MealWheel 🥗
(Frontend Web Dev Bootcamp - Capstone Project)
Description
MealWheel streamlines food and grocery planning for your week. With a database of recipes and the option to add your own, it offers an automatic weekly planner and a shopping list that can be easily filled with ingredients for your weekly meals with just one click. You can organize recipes into collections, share your planning and shopping list with friends, and explore many more features designed for convenience.
Features
- Personalized Meal Plans: Generate meal plans for the whole week with one click.
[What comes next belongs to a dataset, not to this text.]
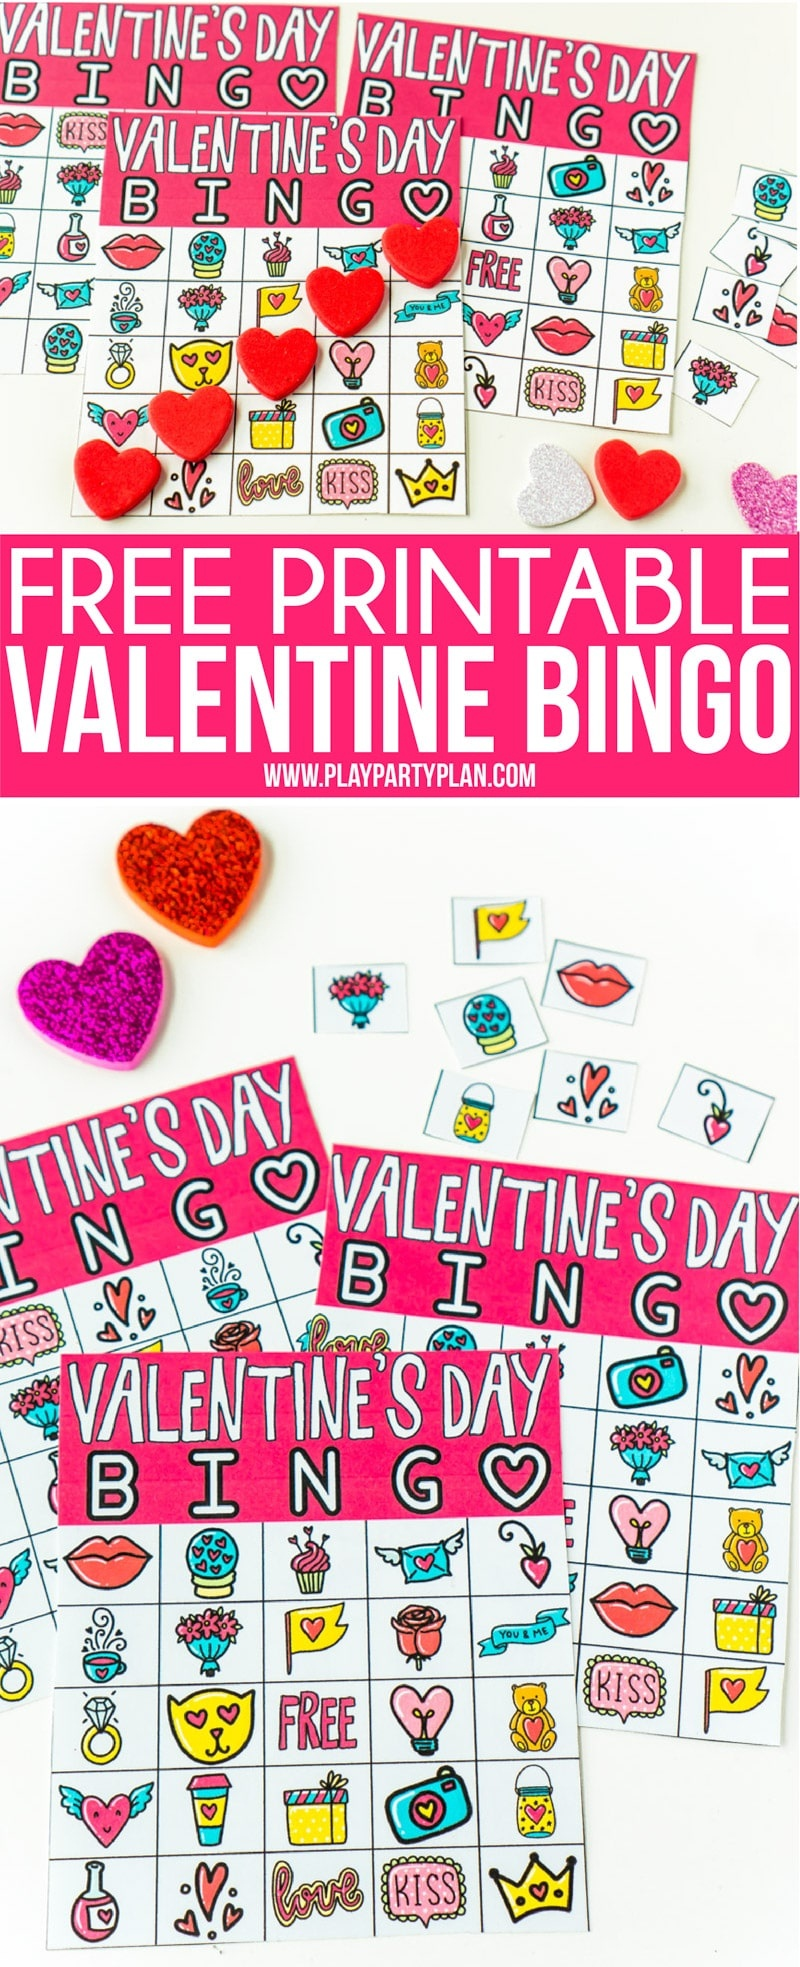 Free Printable Valentine Bingo Cards For All Ages - Play Party Plan - Valentine Bingo Game Printable Free

Disable the days you don't need and set the servings size individually for each day.
- Diverse Recipes: Access a vast library of recipes from various cuisines to explore and try out.
- Efficient Grocery Shopping: Automatically generate shopping lists based on your weekly meal plan to save time and reduce waste.
- Meal Preparation Guides: Step-by-step guides to assist you in preparing your meals with ease.
- Community Sharing: Share your favorite recipes with the MealWheel community and discover new favorites from other users.
- Household based planning: Add Friedns to your household to let them see or even participate in planning your meals
Tech Stack:
- NextJS | MongoDB | NextAuth | Cloudinary | Github | Vercel | OpenAI
- Dnd-Kit | SWR | Toastify | Mongoose | Styled components
The Team
Meet the team behind MealWheel!
Together we've been working on the app for the course of four weeks during the "capstone phase" of our web dev bootcamp at NeueFische.
We really had an awesome time together, motivated and challenged each other and grew together in a great way!
Challenges
During the time working on the app we faced some really tricky challenges:
- Working under realistic conditions:
- Formulating user stories for the desired features and having them approved by a third party
- Drawing wireframes in excalidraw and a design mockup in Figma
- Keeping an overview with a user story map on figma as well as a kanban board on github
- Sharing the work using git with many of it's possibilities
- Having the code for each user story approved in code-reviews (teachers and fellow students)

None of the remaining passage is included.